Hi! So here's the problem I hope you can help me:

Consider the game in a casino where the player has a red die and the bank has a white die. The casino is granted the tie.
Find a model for a game so that the casino makes a reasonable profit in case where the player rolls the red die once and the bank rolls the white die once.
It must be considered how much a player must pay to play the game and how much the bank will pay if the player wins. Consider this from the perspective of both the player and the casino so that it is worthwhile for the player and the casino.

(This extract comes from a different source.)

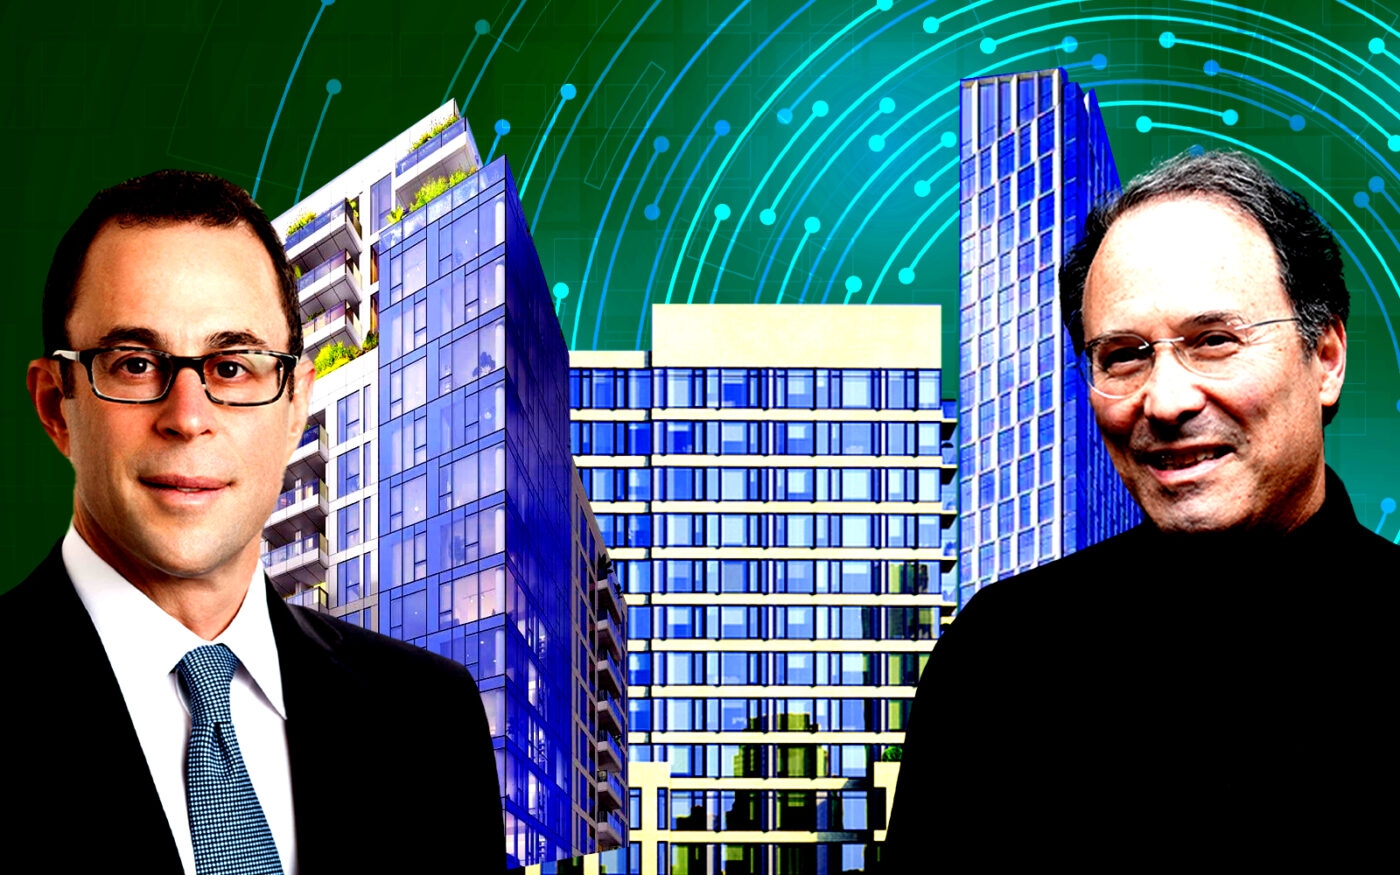 From left: Jeff Blau and Gary Barnett with 300 West 30th Street, 450 Washington, and 1 City Point

Now consider other models for the game so that a) there are multiple players involved in the game and b) the player rolls the red die multiple times

P.s. How can it be calculated a general formula when the number of dice thrown by the casino increases but the player rolls only once (considering the casino is granted the tie)?

Thanks! ;)



This is little different than Casino War, except it is with dice.

The casino profit is really simple on this one. The casino wins in the event of a tie, and that is really all they need.

A tie will occur: (1/6 * 1/6) or = .1666666667 * .1666666667 = .02777777783% of the time.

For every $10 bet, the casino can be expected to win $10 * .2777777783 or $0.28 (rounding up)

The casino's edge is 2.8% on the game. This is a lesser edge than the casino experiences with Roulette, but the value for the casino is strong, in my opinion, because the game would go really fast.

You would have to avoid dice setting by having similar rules to craps in the manner in which the dice must be rolled.

A.) If there are multiple players, you would simply have more than two dice colors and a chip for each player matching the color of that player's die. You could have White, Blue, Red, Pink, Green and Yellow, for example, thereby enabling six players to play the game at once.

The casinos die would be compared to all of the other dice rolled in terms of value, payouts would be made accordingly. In the event of a Dealer, "Six," all bets could be cleared automatically as the casino wins regardless.

B.) What do you mean rolls the red die multiple times? The more rolls or the more dice, the less likely the event of a tie thereby diminishing the casino's edge.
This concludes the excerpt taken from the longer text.